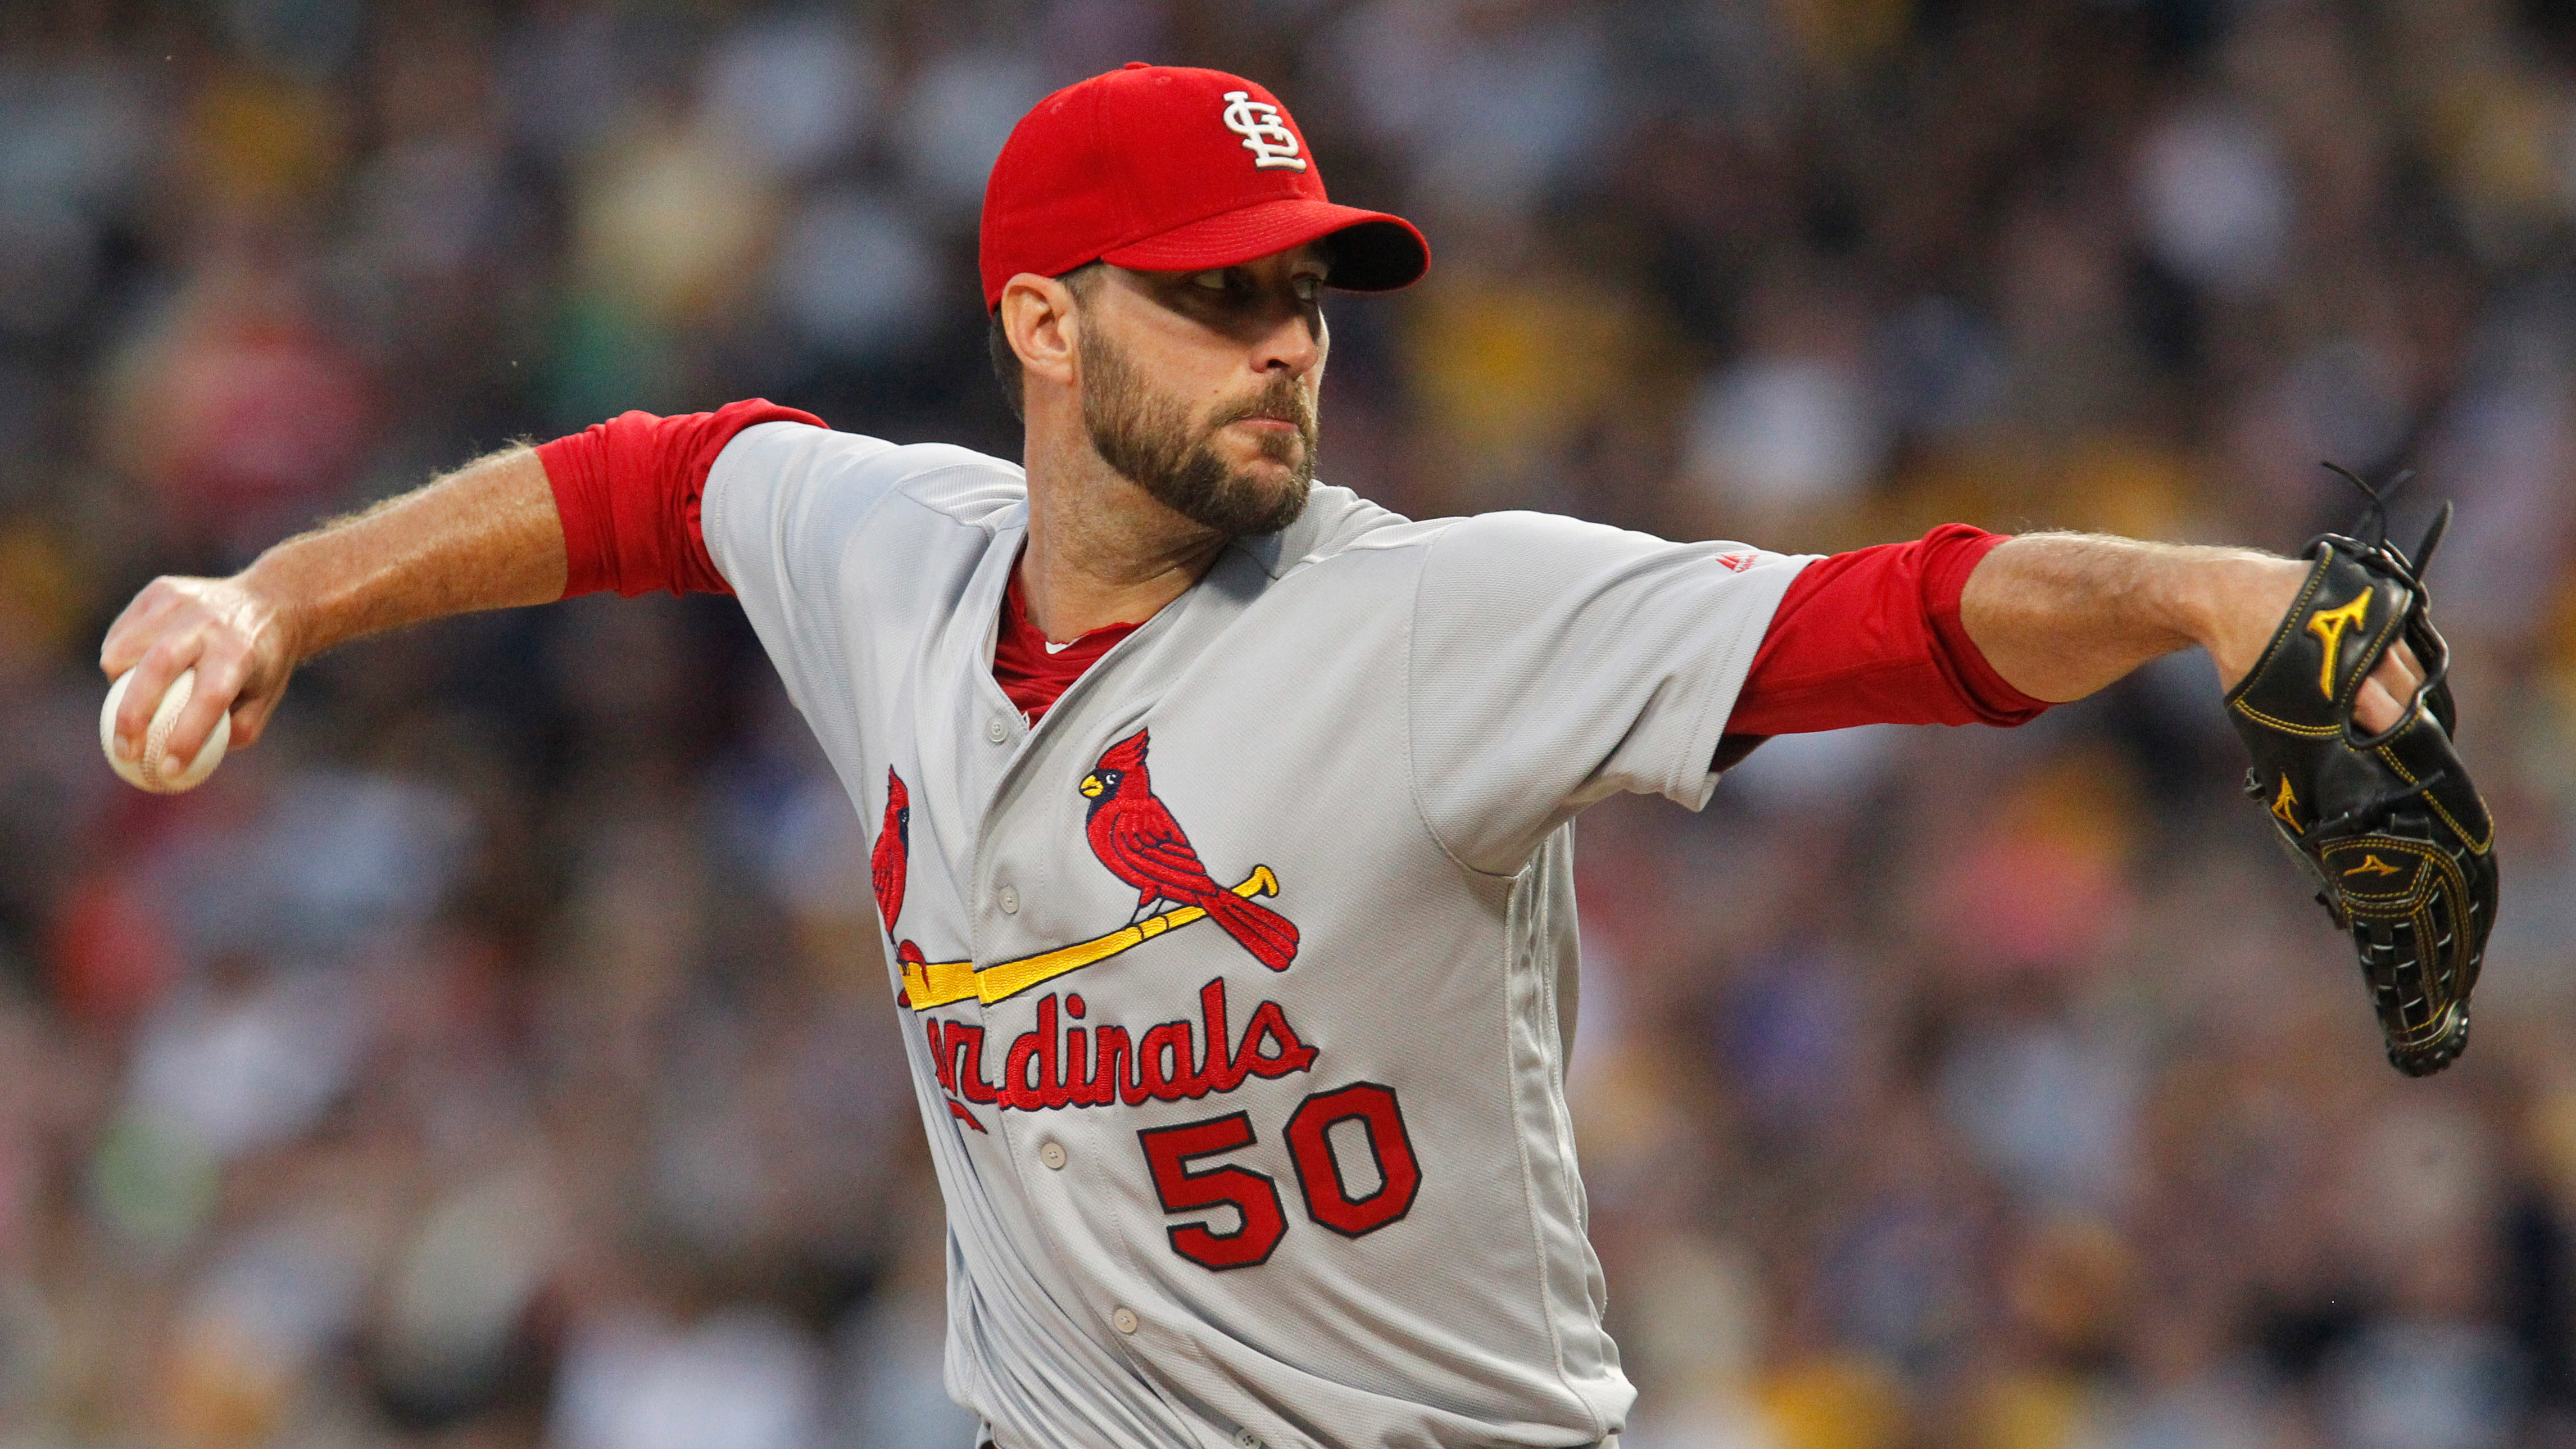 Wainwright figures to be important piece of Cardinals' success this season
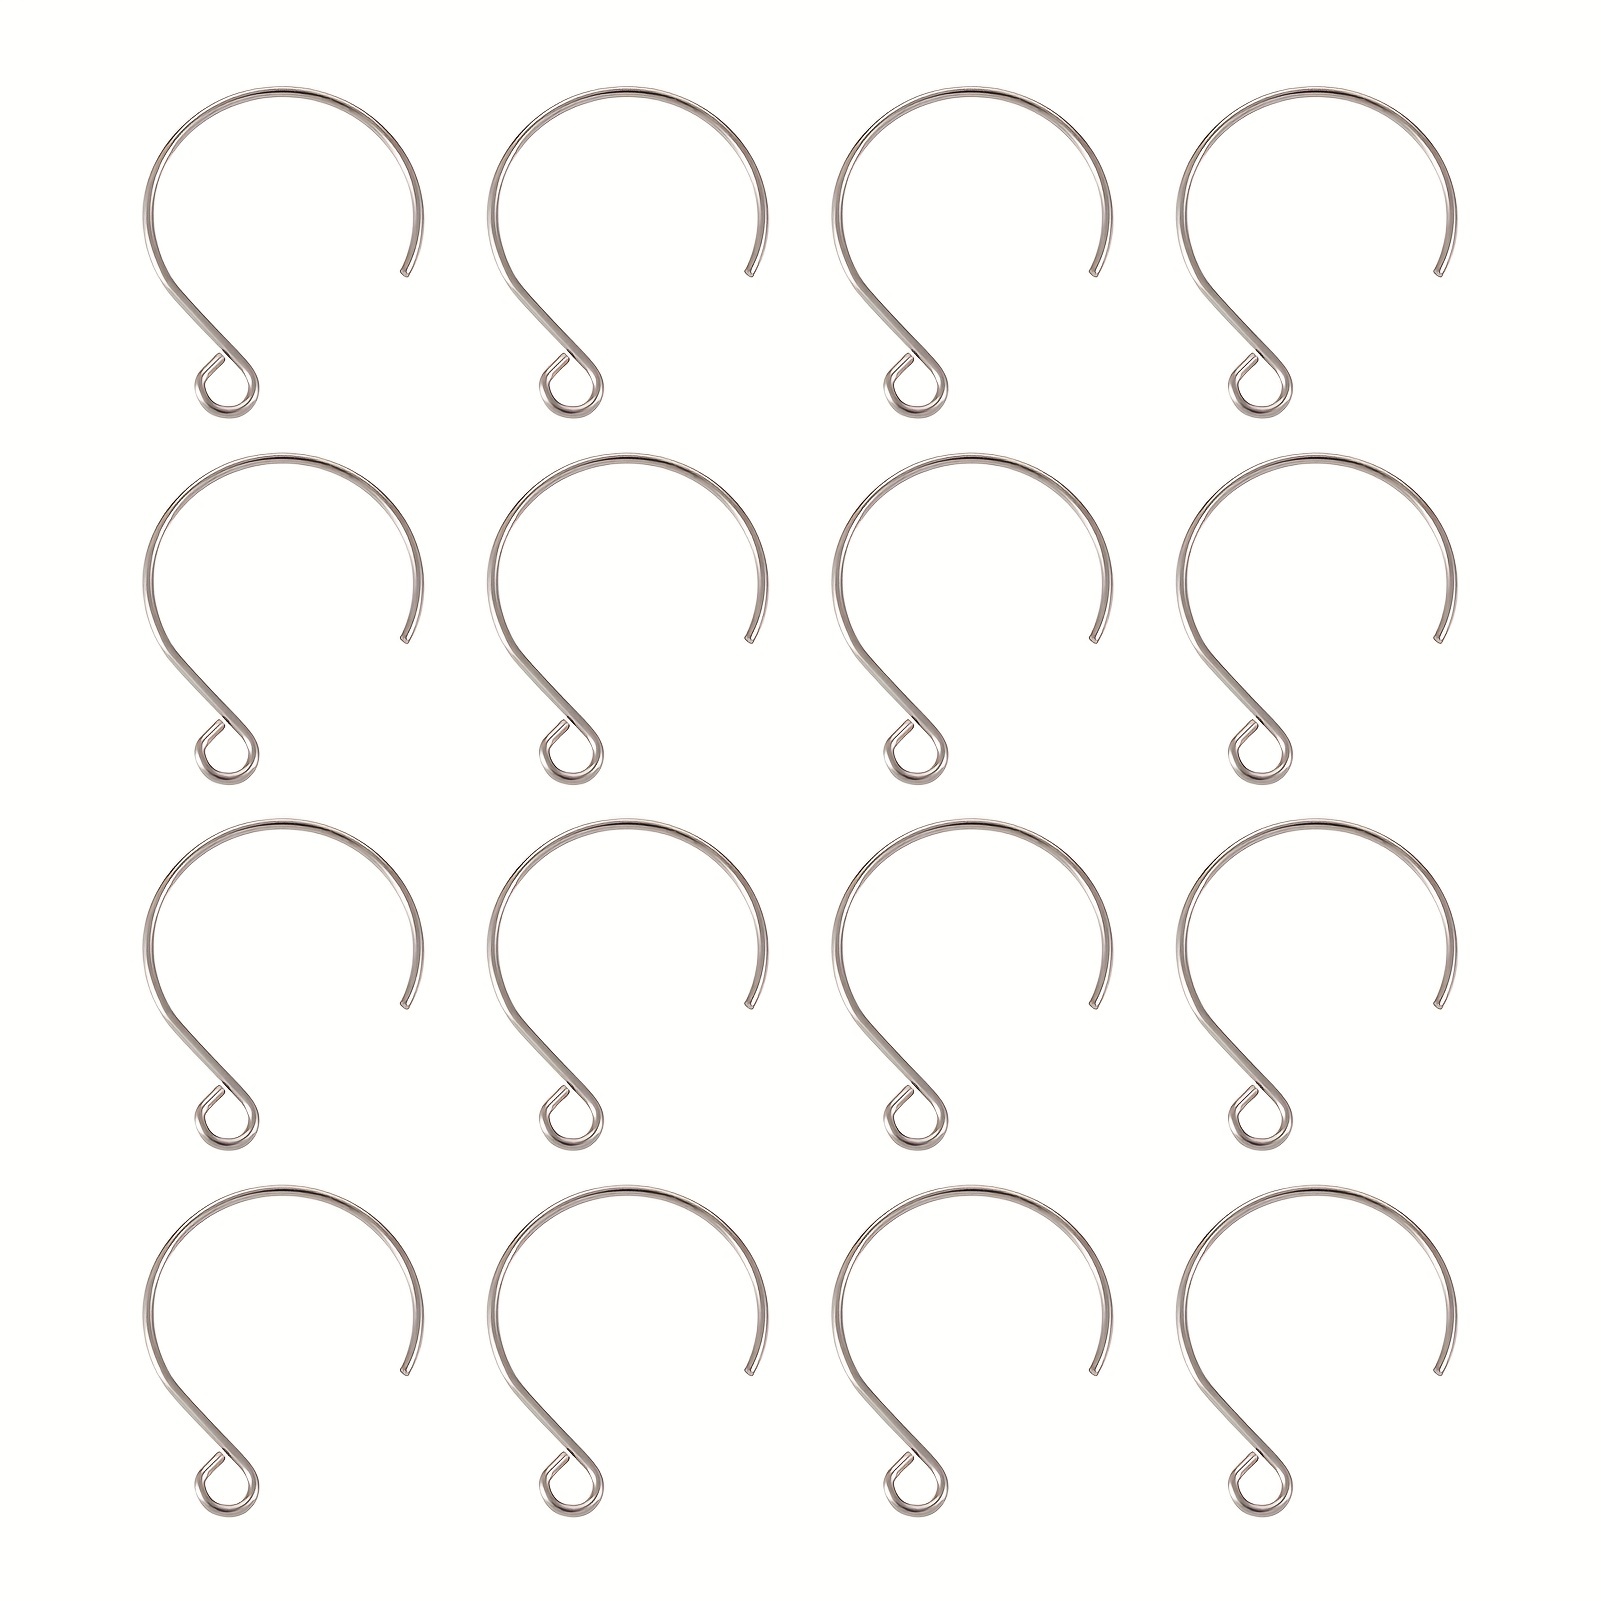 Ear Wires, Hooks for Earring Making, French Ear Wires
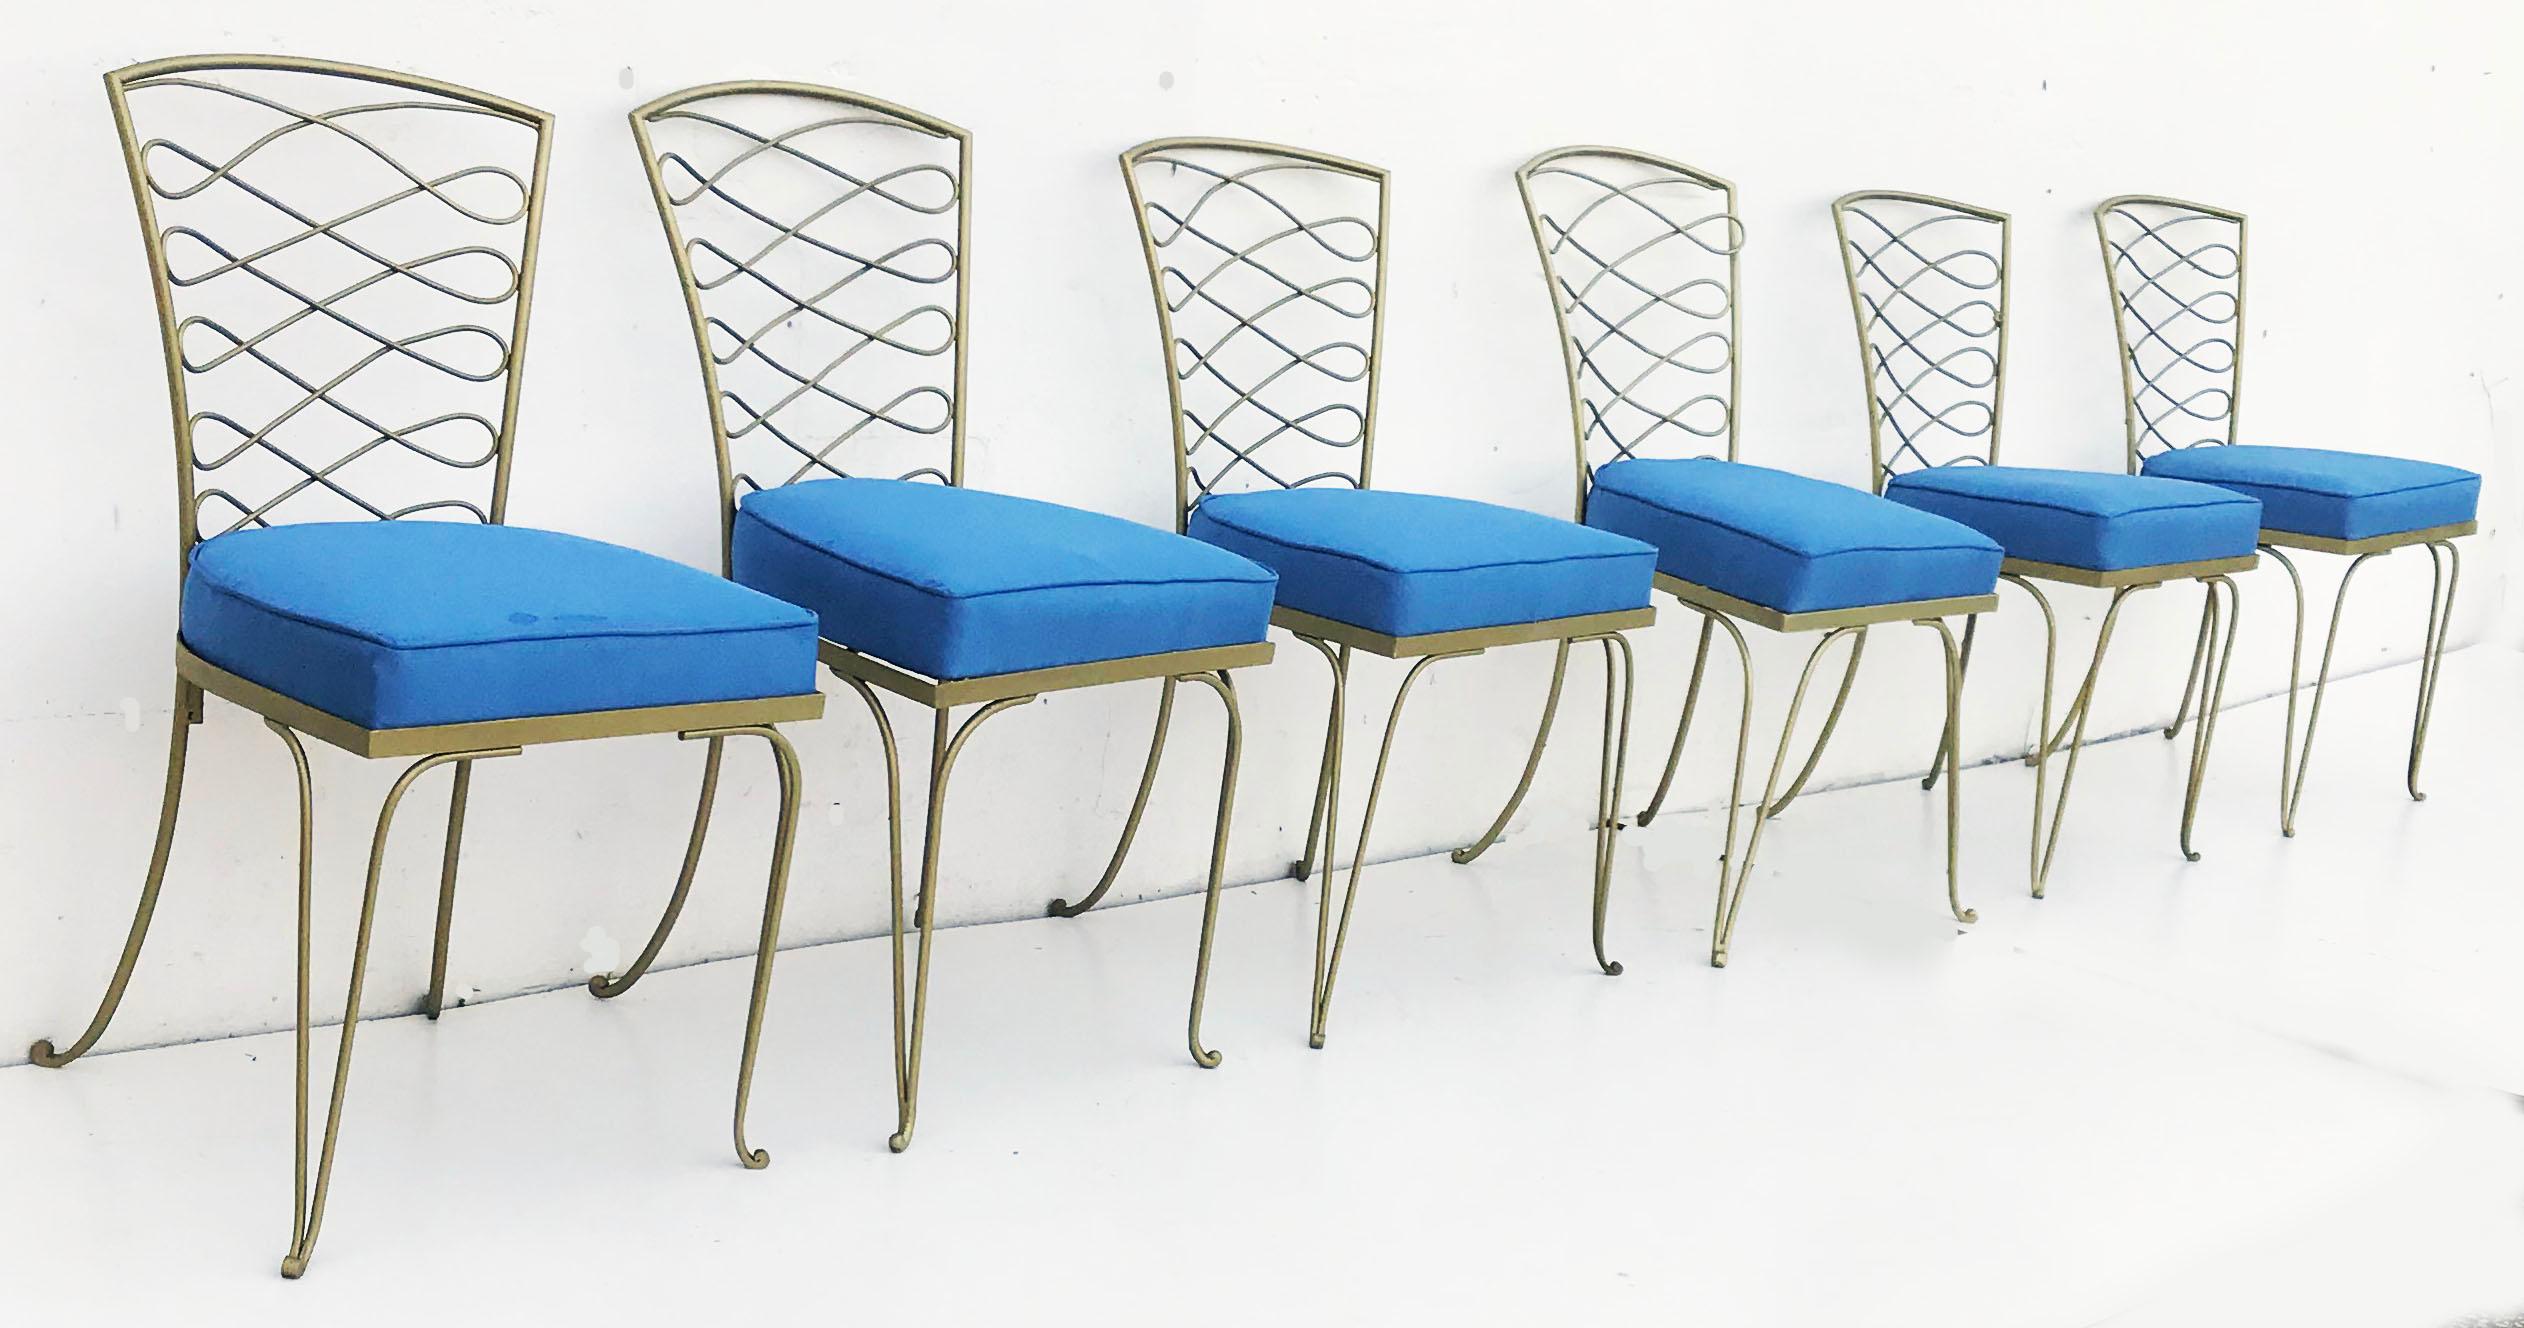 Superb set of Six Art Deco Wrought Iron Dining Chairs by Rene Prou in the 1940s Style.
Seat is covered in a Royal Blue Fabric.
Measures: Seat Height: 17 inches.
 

--------------------

• WHAT TO WORK ON
Could every record be given again exactly, with its pictures left out?

• RESPONSE TO THE TASK
 Wainwright figures to be important piece of Cardinals' success this season
 Ear Wires, Hooks for Earring Making, French Ear Wires
 Superb set of Six Art Deco Wrought Iron Dining Chairs by Rene Prou in the 1940s Style.
Seat is covered in a Royal Blue Fabric.
Measures: Seat Height: 17 inches.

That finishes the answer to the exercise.